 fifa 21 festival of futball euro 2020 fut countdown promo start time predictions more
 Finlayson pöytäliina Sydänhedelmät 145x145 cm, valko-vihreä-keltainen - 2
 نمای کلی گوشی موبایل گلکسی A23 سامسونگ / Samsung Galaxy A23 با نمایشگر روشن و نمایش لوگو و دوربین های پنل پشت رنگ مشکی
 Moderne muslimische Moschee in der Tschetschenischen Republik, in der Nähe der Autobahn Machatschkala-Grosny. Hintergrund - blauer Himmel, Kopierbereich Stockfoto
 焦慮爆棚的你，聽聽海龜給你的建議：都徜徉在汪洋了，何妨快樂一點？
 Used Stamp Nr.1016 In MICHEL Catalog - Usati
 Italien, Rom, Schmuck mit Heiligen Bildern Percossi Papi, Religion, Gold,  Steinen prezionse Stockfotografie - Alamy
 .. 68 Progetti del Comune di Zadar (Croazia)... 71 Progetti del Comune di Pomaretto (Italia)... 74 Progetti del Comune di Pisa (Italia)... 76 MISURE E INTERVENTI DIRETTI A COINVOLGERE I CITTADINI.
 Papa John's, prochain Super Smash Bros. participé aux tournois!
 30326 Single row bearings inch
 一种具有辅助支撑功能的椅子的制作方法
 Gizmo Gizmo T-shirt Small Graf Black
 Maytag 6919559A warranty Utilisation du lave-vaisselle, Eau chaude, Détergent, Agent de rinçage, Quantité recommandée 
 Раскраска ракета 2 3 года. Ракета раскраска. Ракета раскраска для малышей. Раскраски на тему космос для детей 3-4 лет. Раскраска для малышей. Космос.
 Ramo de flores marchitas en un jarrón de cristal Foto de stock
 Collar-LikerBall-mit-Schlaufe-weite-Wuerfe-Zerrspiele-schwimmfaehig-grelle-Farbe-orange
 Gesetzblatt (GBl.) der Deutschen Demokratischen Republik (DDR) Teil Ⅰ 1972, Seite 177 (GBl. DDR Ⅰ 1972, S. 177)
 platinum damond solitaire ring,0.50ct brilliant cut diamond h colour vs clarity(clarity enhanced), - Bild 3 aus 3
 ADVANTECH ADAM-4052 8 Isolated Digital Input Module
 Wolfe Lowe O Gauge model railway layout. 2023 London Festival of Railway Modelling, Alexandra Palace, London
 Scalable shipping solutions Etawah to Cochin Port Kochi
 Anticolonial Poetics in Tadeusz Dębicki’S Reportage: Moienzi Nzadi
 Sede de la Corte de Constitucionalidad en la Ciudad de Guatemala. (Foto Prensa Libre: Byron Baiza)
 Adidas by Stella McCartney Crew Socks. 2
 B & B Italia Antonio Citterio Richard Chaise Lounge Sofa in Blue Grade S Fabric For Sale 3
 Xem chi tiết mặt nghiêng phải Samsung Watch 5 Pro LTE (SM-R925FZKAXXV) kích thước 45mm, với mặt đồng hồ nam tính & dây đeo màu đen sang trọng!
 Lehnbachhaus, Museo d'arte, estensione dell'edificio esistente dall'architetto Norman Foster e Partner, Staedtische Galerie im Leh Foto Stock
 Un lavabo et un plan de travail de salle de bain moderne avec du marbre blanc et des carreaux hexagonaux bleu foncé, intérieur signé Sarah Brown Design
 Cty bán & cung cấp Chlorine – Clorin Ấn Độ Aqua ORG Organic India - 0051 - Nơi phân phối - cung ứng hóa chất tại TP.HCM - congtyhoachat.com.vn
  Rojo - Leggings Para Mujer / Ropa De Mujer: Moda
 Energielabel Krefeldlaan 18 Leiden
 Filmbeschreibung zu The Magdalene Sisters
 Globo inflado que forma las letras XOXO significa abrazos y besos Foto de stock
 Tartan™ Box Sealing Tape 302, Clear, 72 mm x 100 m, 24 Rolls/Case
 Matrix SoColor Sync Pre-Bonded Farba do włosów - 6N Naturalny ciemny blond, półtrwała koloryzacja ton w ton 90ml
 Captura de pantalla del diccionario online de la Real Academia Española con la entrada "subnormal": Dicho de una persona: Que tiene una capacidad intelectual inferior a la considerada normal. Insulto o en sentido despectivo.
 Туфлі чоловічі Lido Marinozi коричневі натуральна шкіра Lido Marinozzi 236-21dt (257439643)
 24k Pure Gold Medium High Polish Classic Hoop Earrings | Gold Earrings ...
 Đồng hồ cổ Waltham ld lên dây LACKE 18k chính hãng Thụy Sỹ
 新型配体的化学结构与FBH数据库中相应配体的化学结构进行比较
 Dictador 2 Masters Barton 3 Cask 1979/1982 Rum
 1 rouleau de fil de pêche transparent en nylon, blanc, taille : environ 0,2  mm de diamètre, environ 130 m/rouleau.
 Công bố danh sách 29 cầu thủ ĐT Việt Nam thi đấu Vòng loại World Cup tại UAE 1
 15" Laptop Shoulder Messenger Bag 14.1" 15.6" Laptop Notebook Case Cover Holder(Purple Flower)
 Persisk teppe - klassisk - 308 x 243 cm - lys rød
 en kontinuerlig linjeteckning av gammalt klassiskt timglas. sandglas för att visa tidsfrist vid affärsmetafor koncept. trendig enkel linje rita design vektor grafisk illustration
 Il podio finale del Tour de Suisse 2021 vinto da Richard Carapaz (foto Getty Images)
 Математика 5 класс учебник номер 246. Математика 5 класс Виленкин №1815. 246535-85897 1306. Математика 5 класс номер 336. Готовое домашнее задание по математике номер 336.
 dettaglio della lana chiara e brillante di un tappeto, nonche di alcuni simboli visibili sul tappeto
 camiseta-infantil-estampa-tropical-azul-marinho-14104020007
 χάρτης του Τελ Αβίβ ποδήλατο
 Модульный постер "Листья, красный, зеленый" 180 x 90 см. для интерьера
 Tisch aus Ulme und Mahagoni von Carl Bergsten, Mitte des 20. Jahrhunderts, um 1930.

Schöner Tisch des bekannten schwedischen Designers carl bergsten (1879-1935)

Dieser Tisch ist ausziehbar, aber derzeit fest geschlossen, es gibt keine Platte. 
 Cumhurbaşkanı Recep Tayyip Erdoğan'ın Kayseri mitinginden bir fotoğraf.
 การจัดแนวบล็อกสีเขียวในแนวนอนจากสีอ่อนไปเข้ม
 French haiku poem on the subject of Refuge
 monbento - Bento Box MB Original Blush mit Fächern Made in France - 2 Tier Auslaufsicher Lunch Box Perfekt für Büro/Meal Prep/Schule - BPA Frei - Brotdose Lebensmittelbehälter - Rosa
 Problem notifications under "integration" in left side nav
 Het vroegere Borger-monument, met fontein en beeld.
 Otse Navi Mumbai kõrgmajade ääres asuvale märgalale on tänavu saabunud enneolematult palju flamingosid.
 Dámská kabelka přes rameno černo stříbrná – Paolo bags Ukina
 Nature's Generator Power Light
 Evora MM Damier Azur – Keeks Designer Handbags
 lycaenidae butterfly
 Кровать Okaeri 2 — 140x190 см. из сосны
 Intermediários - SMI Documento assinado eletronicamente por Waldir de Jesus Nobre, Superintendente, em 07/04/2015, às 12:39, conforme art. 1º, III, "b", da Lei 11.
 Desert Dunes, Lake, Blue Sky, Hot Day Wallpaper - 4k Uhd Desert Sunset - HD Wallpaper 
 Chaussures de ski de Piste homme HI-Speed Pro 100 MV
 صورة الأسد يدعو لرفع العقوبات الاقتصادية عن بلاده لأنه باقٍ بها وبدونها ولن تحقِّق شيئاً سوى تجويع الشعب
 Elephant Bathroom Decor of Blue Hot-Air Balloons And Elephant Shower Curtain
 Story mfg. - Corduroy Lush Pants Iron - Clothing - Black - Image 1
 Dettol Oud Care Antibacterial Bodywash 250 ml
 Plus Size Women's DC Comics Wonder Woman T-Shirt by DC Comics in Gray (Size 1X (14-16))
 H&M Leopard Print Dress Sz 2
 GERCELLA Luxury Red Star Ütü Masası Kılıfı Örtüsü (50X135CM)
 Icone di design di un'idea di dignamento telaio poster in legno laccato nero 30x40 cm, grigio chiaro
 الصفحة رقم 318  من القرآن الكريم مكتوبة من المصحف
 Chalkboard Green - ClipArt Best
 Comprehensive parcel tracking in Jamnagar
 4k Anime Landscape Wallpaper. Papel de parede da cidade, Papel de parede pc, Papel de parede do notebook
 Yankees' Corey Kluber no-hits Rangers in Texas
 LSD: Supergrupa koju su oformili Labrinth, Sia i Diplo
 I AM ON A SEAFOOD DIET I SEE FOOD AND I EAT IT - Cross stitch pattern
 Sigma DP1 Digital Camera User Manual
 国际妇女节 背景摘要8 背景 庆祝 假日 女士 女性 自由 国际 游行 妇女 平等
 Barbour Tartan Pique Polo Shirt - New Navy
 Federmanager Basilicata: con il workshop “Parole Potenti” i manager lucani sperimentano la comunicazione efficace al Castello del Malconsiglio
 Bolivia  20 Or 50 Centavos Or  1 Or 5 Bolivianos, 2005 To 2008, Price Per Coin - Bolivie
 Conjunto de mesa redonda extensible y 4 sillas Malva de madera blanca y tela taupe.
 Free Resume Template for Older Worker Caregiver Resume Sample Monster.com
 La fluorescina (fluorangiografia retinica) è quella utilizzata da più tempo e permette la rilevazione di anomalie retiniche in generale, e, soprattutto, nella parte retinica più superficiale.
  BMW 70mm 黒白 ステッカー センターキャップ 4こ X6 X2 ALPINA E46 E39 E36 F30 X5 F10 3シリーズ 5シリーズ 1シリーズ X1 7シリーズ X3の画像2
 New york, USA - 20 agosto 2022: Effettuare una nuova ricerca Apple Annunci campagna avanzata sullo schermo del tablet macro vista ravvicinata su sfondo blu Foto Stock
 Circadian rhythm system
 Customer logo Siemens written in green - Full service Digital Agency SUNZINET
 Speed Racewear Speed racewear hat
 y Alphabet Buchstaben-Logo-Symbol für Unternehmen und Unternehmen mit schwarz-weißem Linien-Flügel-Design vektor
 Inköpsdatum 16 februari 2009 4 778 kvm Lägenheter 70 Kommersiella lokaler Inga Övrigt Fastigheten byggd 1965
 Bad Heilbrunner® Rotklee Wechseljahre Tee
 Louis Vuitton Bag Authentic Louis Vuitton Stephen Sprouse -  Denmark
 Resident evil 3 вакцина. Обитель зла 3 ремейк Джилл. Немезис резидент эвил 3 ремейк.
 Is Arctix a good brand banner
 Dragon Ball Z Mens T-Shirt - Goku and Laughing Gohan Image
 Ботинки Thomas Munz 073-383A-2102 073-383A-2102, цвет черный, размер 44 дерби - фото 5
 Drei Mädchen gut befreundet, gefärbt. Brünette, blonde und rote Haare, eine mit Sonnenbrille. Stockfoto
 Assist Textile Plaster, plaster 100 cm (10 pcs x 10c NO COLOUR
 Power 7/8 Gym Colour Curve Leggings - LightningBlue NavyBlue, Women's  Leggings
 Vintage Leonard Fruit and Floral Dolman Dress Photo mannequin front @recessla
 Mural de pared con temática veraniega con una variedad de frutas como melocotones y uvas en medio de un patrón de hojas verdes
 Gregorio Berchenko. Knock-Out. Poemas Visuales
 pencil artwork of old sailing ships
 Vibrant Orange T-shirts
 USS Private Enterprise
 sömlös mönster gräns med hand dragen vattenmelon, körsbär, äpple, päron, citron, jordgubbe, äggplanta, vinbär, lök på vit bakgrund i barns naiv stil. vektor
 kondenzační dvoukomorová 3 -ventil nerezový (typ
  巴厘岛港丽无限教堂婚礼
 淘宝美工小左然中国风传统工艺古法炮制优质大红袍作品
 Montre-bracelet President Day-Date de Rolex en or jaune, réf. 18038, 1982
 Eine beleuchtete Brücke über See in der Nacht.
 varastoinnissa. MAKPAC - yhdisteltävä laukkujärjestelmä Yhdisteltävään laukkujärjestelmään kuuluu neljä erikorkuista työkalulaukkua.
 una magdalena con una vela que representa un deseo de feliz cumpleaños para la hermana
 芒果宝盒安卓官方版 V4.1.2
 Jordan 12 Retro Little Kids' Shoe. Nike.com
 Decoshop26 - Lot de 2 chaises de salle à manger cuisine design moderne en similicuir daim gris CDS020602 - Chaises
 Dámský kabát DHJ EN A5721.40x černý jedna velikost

**Exercise**
Quote the listing word for word from its first line through the line in which "platinum damond solitaire" appears.

**Answer for this exercise**
 fifa 21 festival of futball euro 2020 fut countdown promo start time predictions more
 Finlayson pöytäliina Sydänhedelmät 145x145 cm, valko-vihreä-keltainen - 2
 نمای کلی گوشی موبایل گلکسی A23 سامسونگ / Samsung Galaxy A23 با نمایشگر روشن و نمایش لوگو و دوربین های پنل پشت رنگ مشکی
 Moderne muslimische Moschee in der Tschetschenischen Republik, in der Nähe der Autobahn Machatschkala-Grosny. Hintergrund - blauer Himmel, Kopierbereich Stockfoto
 焦慮爆棚的你，聽聽海龜給你的建議：都徜徉在汪洋了，何妨快樂一點？
 Used Stamp Nr.1016 In MICHEL Catalog - Usati
 Italien, Rom, Schmuck mit Heiligen Bildern Percossi Papi, Religion, Gold,  Steinen prezionse Stockfotografie - Alamy
 .. 68 Progetti del Comune di Zadar (Croazia)... 71 Progetti del Comune di Pomaretto (Italia)... 74 Progetti del Comune di Pisa (Italia)... 76 MISURE E INTERVENTI DIRETTI A COINVOLGERE I CITTADINI.
 Papa John's, prochain Super Smash Bros. participé aux tournois!
 30326 Single row bearings inch
 一种具有辅助支撑功能的椅子的制作方法
 Gizmo Gizmo T-shirt Small Graf Black
 Maytag 6919559A warranty Utilisation du lave-vaisselle, Eau chaude, Détergent, Agent de rinçage, Quantité recommandée 
 Раскраска ракета 2 3 года. Ракета раскраска. Ракета раскраска для малышей. Раскраски на тему космос для детей 3-4 лет. Раскраска для малышей. Космос.
 Ramo de flores marchitas en un jarrón de cristal Foto de stock
 Collar-LikerBall-mit-Schlaufe-weite-Wuerfe-Zerrspiele-schwimmfaehig-grelle-Farbe-orange
 Gesetzblatt (GBl.) der Deutschen Demokratischen Republik (DDR) Teil Ⅰ 1972, Seite 177 (GBl. DDR Ⅰ 1972, S. 177)
 platinum damond solitaire ring,0.50ct brilliant cut diamond h colour vs clarity(clarity enhanced), - Bild 3 aus 3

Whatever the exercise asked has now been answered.